Changing stroke rehab and research worldwide now.Time is Brain! trillions and trillions of neurons that DIE each day because there are NO effective hyperacute therapies besides tPA(only 12% effective). I have 523 posts on hyperacute therapy, enough for researchers to spend decades proving them out. These are my personal ideas and blog on stroke rehabilitation and stroke research. Do not attempt any of these without checking with your medical provider. Unless you join me in agitating, when you need these therapies they won't be there.

What this blog is for:

My blog is not to help survivors recover, it is to have the 10 million yearly stroke survivors light fires underneath their doctors, stroke hospitals and stroke researchers to get stroke solved. 100% recovery. The stroke medical world is completely failing at that goal, they don't even have it as a goal. Shortly after getting out of the hospital and getting NO information on the process or protocols of stroke rehabilitation and recovery I started searching on the internet and found that no other survivor received useful information. This is an attempt to cover all stroke rehabilitation information that should be readily available to survivors so they can talk with informed knowledge to their medical staff. It lays out what needs to be done to get stroke survivors closer to 100% recovery. It's quite disgusting that this information is not available from every stroke association and doctors group.

Monday, October 31, 2011

Nitric oxide-induced calcium release via ryanodine receptors regulates neuronal function

A couple of interesting concepts here, NO, nitric oxide needed for synaptic plasticity, useful for neuroplasticity(I think). A suggestion NO is involved in NO-induced neuronal cell death. Hey, more research needed. Should NO be a hyperacute therapy or not?
http://www.nature.com/emboj/journal/vaop/ncurrent/full/emboj2011386a.html

Sho Kakizawa, Toshiko Yamazawa, Yili Chen, Akihiro Ito, Takashi Murayama, Hideto Oyamada, Nagomi Kurebayashi, Osamu Sato, Masahiko Watanabe, Nozomu Mori, Katsuji Oguchi, Takashi Sakurai, Hiroshi Takeshima, Nobuhito Saito and Masamitsu Iino

Mobilization of intracellular Ca2+ stores regulates a multitude of cellular functions, but the role of intracellular Ca2+ release via the ryanodine receptor (RyR) in the brain remains incompletely understood.
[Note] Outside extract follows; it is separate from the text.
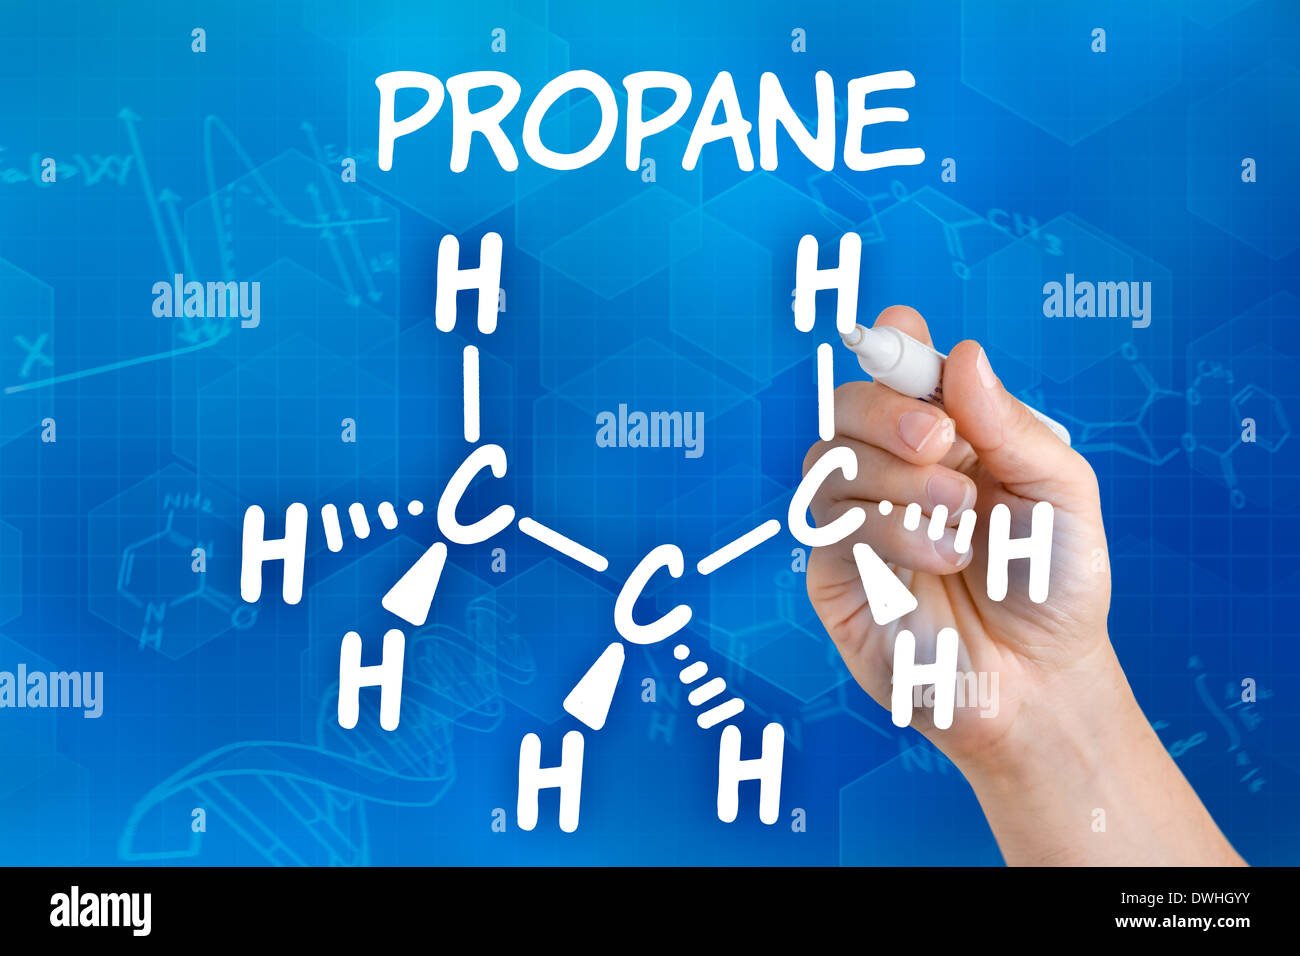 Chemistry Chemical Formula Propane Stock Photos Chemistry Chemical

We found that nitric oxide (NO) directly activates RyRs, which induce Ca2+ release from intracellular stores of central neurons, and thereby promote prolonged Ca2+ signalling in the brain. Reversible S-nitrosylation of type 1 RyR (RyR1) triggers this Ca2+ release. NO-induced Ca2+ release (NICR) is evoked by type 1 NO synthase-dependent NO production during neural firing, and is essential for cerebellar synaptic plasticity. NO production has also been implicated in pathological conditions including ischaemic brain injury, and our results suggest that NICR is involved in NO-induced neuronal cell death. These findings suggest that NICR via RyR1 plays a regulatory role in the physiological and pathophysiological functions of the brain.